Of course, safety....platinosis...do your reading and please practice excellent housekeeping and keep in mind that any visitor to your lab is potentially exposing themselves to platinum salts. If you have been processing platinum alloys in acid for ten years, you may be ok, but they may not be so lucky. But more than platinosis, how are you handling the latent mercury threat that exists with all dental? Hope your ventilation is top notch, and your waste disposal is ongoing and monitored.


----------



## Coastalwasteus (Jul 7, 2018)

Hi Snoman701,

Thanks for your reply. I tightened up some of my wording on the original post.

Maybe I am not using the right terminology. If so, I apologize for the confusion. When I say smelting I mean melting the dental scrap with borax into a bar. I hear many people define this as refining, however I believe refining is the process that this forum is all about. Bringing the metals to their pure form via chemical separation. This is not my primary business, yet I am well versed in dental scrap from a smelting (melting) standpoint. I am also fairly proficient in refining gold crowns in AR which tend to yield 62% Au or higher.

When smelting I do separate the dental into three categories - Gold crowns, PFMs & Bridges and scrap that looks to be of low value. This takes experience in knowing what scrap is good and what is not, yet still not the best way. A hand held XRF machine is best.


I do not like to use copper when smelting to homogenize the bar. It lowers the Au% and you get paid less when selling on the market because of the low percentage gold. You also won't get paid on Pt as it lowers all precious metals. Gold crowns always melt together without any other dental scrap. 

I actually moved to dissolving the crowns in AR 1:4 ratio of Nitric to HCL and precipitate the Au with Copperas and the Pd with Sodium Chlorate. I find that I get a better return on gold crowns with Refining over smelting. If smelting I always hammer off the ceramic from the dental scrap prior to a melt. Less borax is used and you also get a sense of what type of scrap it is. Brittle is a key that it is very low grade. Super hard could mean Pt/Pd but not always as there are so many metal like Chromium, Nickel or cobalt. Generally three categories of metals used. High Nobel, Nobel and Non-Nobel. Of course you want High Nobel.

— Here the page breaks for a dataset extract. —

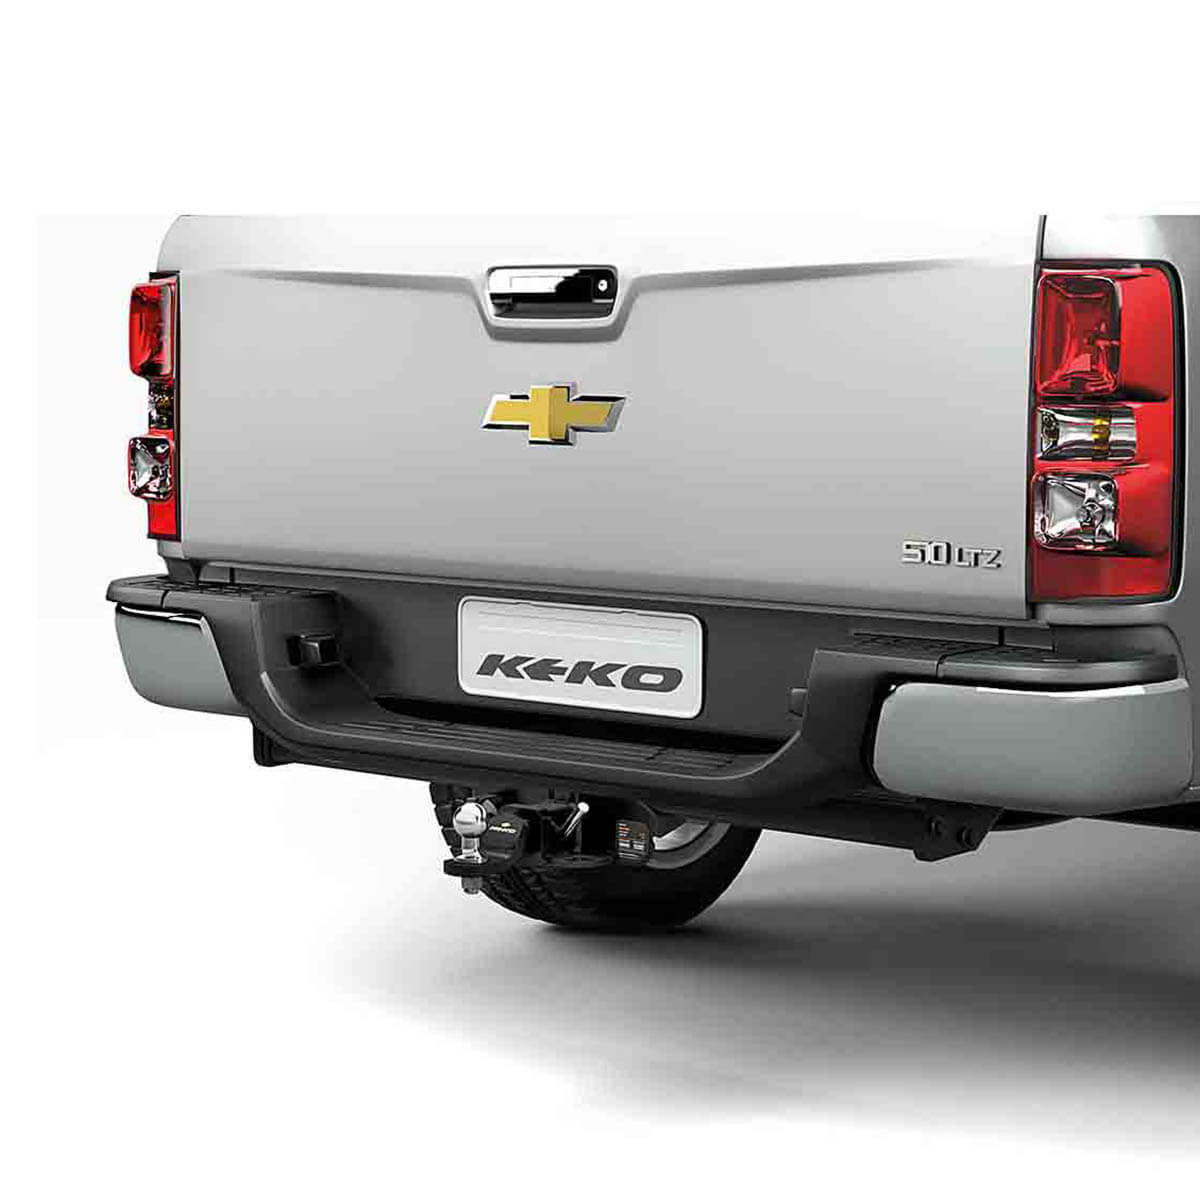 Engate de reboque removível Keko K1 Nova S10 2012 a 2021

I just started to conduct tests on the other two types of dental scrap which are both lower grade metals. Pd normally runs the highest in this type of scrap. Still learning so I have little to offer besides my tests which I began posting. 

Hoping others who have been down this path can assist. While I am fairly new to refining I do read a lot and conduct small tests prior to performing it on any larger batches. So far things have been coming out good but would love to hear from those that have travelled this path. My primary business is Medical Waste and Hazardous Waste, so I tend to error on the side of caution. Not to say that I won't step into doo doo but I definately will minimize my exposure.

My goals are to analyze the refining process of Nobel dental scrap which is the second category of dental scrap (i.e. what many call white or gray dental scrap). I want to process (refine) some small batches of this lower grade dental scrap and do the math on the returns vs just smelting and selling it. It may turn out that it is best to just smelt and sell, but I want to see that for myself.


Thanks for the heads up on the Platinosis! I am well ventilated. The 10 years smelting has been done in a professional setting with a proper hood and exhaust ventilation. I am doing the refining in a smaller shop with no exhaust or hood but good ventilation. I will read more on the subject and be careful. Thank you. 

On the subject of mercury, yes anyone who does not know or understand dental scrap places themselves at risk with mercury as well. The only mercury used in the dental industry is in the form of amalgam. Amalgam contains silver and tin but also has mercury and is used in fillings. If you are processing extracted teeth with amalgam fillings, non-contact or contact amalgam, amalgam waste or dental traps (filters) which do contain all dental metals from a dentist office and are used to collect material when a dentist is removing filling, teeth, crowns, implants and so forth, I would recommend taking caution as it does contain mercury and the mercury needs to be retorted prior to working with the metals. PFMs, Onlays, Inlays Crowns and bridges do not have amalgam, not even in the cement they use to secure it. Make sure you clean your dental scrap well before working with them. Either soak in bleach or I use Cavacide1 which kills many infectious diseases. Note taken though and great advise. Know what you are working with if you choose to refine.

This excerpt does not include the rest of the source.